Frequently Asked Questions

What is Personal Consumption Expenditures (Monthly Change) right now?

Personal Consumption Expenditures (Monthly Change) is currently 0.4%, up +0.6% from the previous monthly reading. Source: Bureau of Economic Analysis, series PCE, last updated 2026-03-28.

How is Consumer Spending calculated?

The BEA measures personal consumption expenditures using retail sales data, service provider revenue, and other economic indicators. It covers three categories: durable goods (cars, appliances), nondurable goods (food, clothing), and services (healthcare, housing, financial). Data is adjusted for inflation and seasonal patterns.

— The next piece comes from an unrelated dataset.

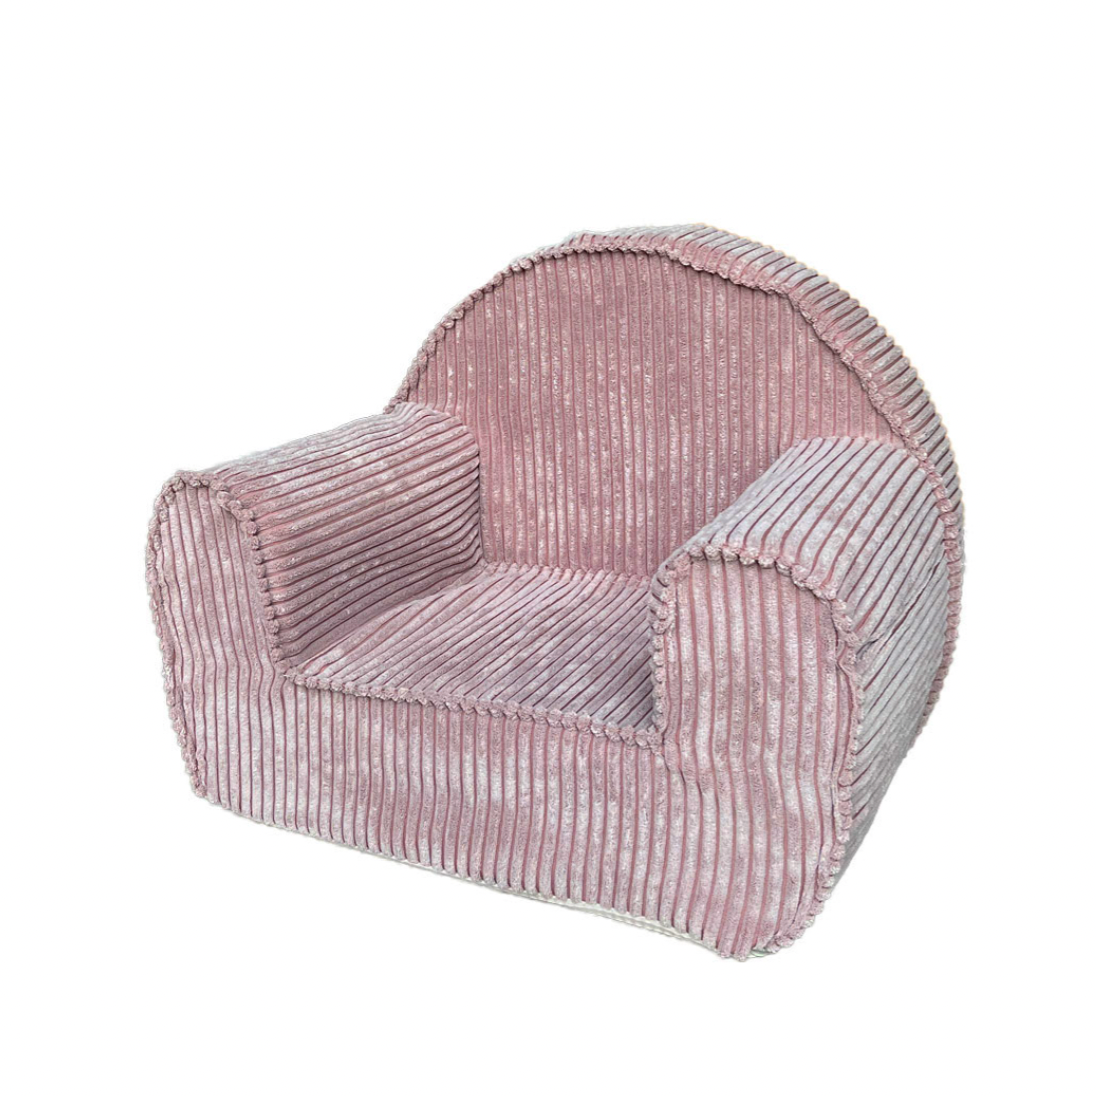 Chunky Corduroy Toddler Armchair, Dusty Pink

Where can I verify this number?

Personal Consumption Expenditures (Monthly Change) is published by Bureau of Economic Analysis. The primary release is available at https://www.bea.gov/data/consumer-spending/main; the U.S. Bureau of Economic Analysis hosts the historical series and provides API access for programmatic verification.

Why is consumer spending so important to the economy?

Consumer spending drives approximately 70% of U.S. GDP. When consumers spend, businesses earn revenue, hire workers, and invest. A sustained decline in consumer spending almost always leads to recession. This is why the Fed, Wall Street, and corporate executives all closely monitor spending trends — it is the heartbeat of the American economy.

Source & citation: Data sourced from Bureau of Economic Analysis (series PCE); archived and accessible via the U.S. Bureau of Economic Analysis. Suggested citation: “ExecBolt, ‘Personal Consumption Expenditures (Monthly Change),’ execbolt.com, 2026.” Last updated 2026-03-28. ExecBolt provides this data and editorial context for informational purposes only — not financial, investment, or tax advice. Always verify with primary sources before making business or financial decisions.